You may be thinking to yourself that you read anyway and why should you bother with this. Sure some of the prizes sound good, but do you even have a chance at winning? You never know… so why not? But more importantly for teens and adults is the idea of commitment and follow-through. Is it harder to do the reading or is it harder to remember to record your minutes each day? If you think recording the minutes is the harder thing to do, then the Reading Challenge can also be a good opportunity to develop some self-discipline and the ability to follow through consistently. So do your reading and record those minutes—not just for the reading and the prizes, but also just to challenge yourself to meet a goal. Stay tuned for daily messages here on the blog!

Friday, March 10, 2006

What are other libraries doing for teens?

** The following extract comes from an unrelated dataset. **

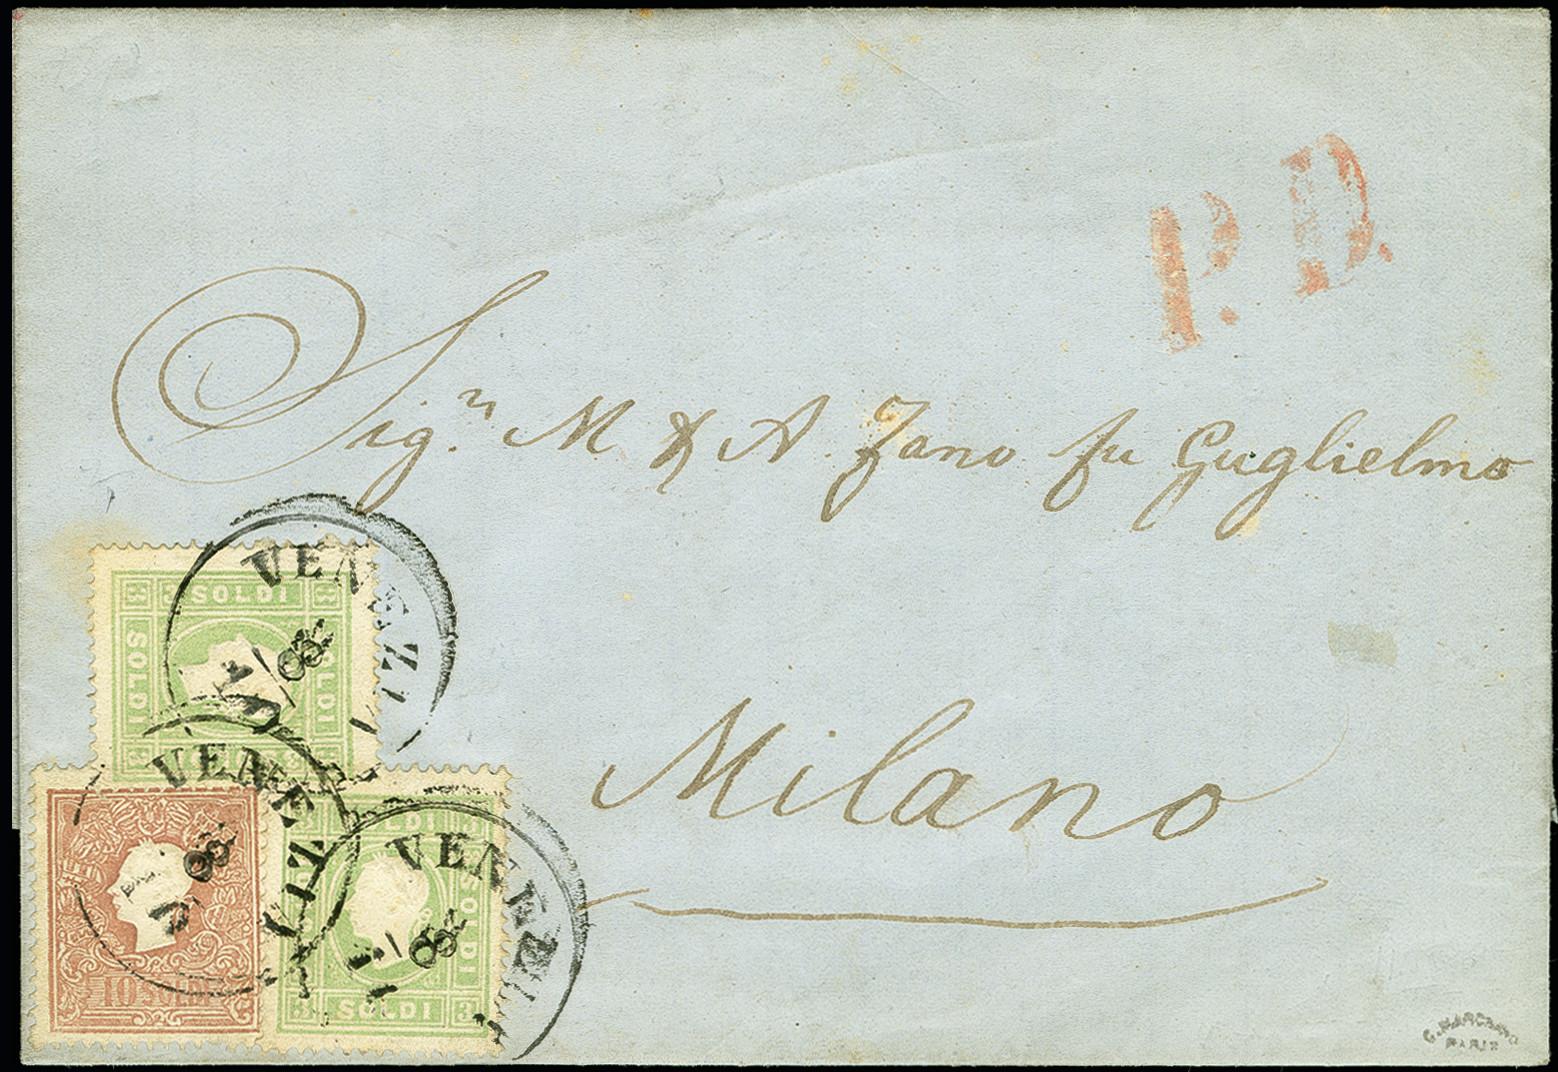 Lot 1109 - österreich lombardy venetia -  Heinrich Koehler Auktionen 375rd Heinrich Köhler auction - Day 1

If you're interested in how other libraries are using new technologies for service to teens take a look at this. It should keep you busy for awhile! If you scroll down you will see a list of library blogs for teens. (Yes, we're on it!)


Tuesday, March 07, 2006

New Non-fiction books!

Do you like reading non-fiction? Are you writing a report? If you need some new and interesting books about American History we have some great new books. Right now they are on the display table near the YA Room, but they will eventually be found shelved with non-fiction. You'll need the call number to find them. (I've linked them here, but if the links don't work, just do a title search in the catalog.)
1.America through the lens: photographers who changed the nation/ Martin W. Sandler. 770.92 SAN
2. The fight for peace: a history of antiwar movements in America/ by Ted Gottfried. 303.6 GOT
3. Let me play: the story of Title IX: the law that changed the future of girls in America/ Karen Blumental 796 BLU
4. Looking like the enemy: my story of imprisonment in Japanese-American internment camps/ Mary Matsuda Gruenewald. 940.53 GRU
5. The real revolution: the global story of American independence/ by Marc Aronson. 973.3 ARO

March Activities

March snuck up on us after a busy February. It's almost spring!
Here is what is in store for March.
Teen Advisory Meeting on March 14th. (Time to be announced later.)
Cookie Thursday on March 16th and 30th this month.
Intergenerational Knitting Circle on March 16th. (That's where the cookies will be so plan to snack and knit.)

At the TAB Meeting we'll take a moment to reflect on our February events and do some planning for the rest of the school year.